What does Adam Gertler’s psychology tell us about them?

Adam Gertler’s confidence in himself sometimes falters, and he might try to compensate for this weakness by insisting on his authority over others. With the people he is emotionally committed to, the same nagging feelings of insecurity prevent him from expressing his generosity and love fully; his extreme independence sometimes hides an inability to abandon himself and a lack of assurance.

You are sober and rather reserved and may even strike people as harsh and austeret at times. Perhaps you were raised in an atmosphere of rigor and sobriety, and, as a result, grew up very fast. You have acquired a spirit of self-sufficiency, tend to be rather uncompromising, and have a touchy sense of your personal dignity and worth. It is almost as though you were fighting an inner battle with your father or a father figure. The psychological models you received from your father or a father figure as a result of your interaction and your own interaction with authority may not have played a major role in shaping your relationships with the outer world and society. You may thus have been forced to compensate for this lack with individual determination. As a result, although you are skillful, meticulous, conscientious, and efficient, a lack of self-confidence and personal assurance sometimes makes you timid and hesitant. You sometimes feel as though you are only masquerading as a respectable, sober adult. You tend to be far too critical of yourself and rarely feel satisfied that you are living up to your ideal. These unnecessary guilt feelings may lead you to turn down the prominent career positions for which you are fully qualified. You are aware that early success is often short-lived and fragile and that time rewards those who know how to be patient and persistent, like you.

Adam Gertler is an individualist who is convinced of the strength of his beliefs in freedom and independence. He has rejected the conventions of his social class and adopted a lifestyle that is innovative and experimental. His passion for his beliefs often clashes with the expectations of those around him, as he is an uncompromising partner.

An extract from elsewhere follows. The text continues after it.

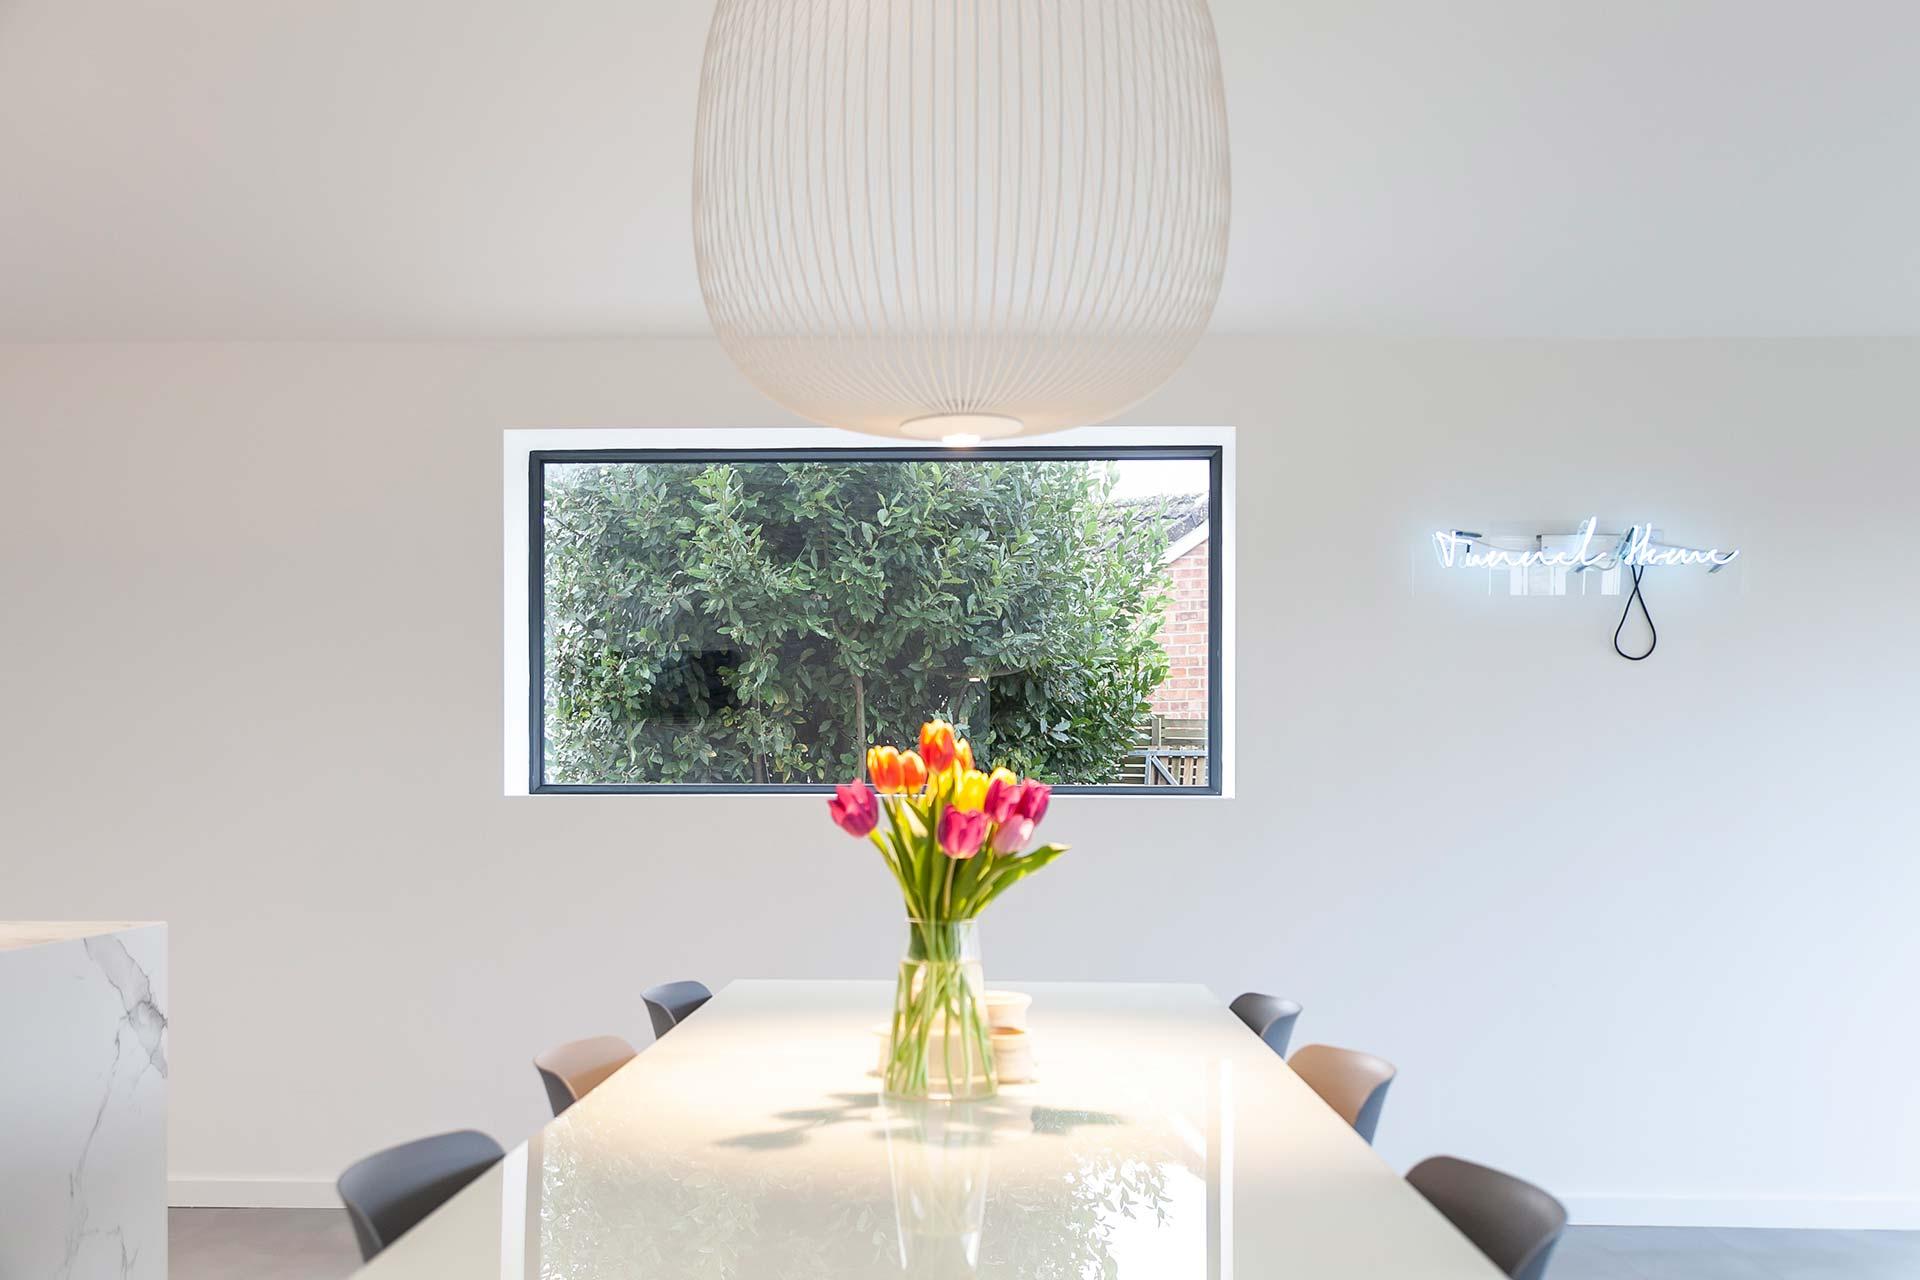 Contemporary Kitchens - Monochrome

Adam Gertler would do well to learn to recognize his own limitations and accept the responsibilities that he has to others. If he does not do this, he is likely to find himself constantly embroiled in conflicts. The roots of Adam Gertler’s behavior may be found in his relationship with his father or teachers during childhood and adolescence. For some reason or another, he may have rejected the paternal image or refused to identify with his father, in the same way that he now rejects conventional values. In every important life decision, Adam Gertler relies on himself to develop the appropriate behavior and set limits on his desires in relation to reality and the law.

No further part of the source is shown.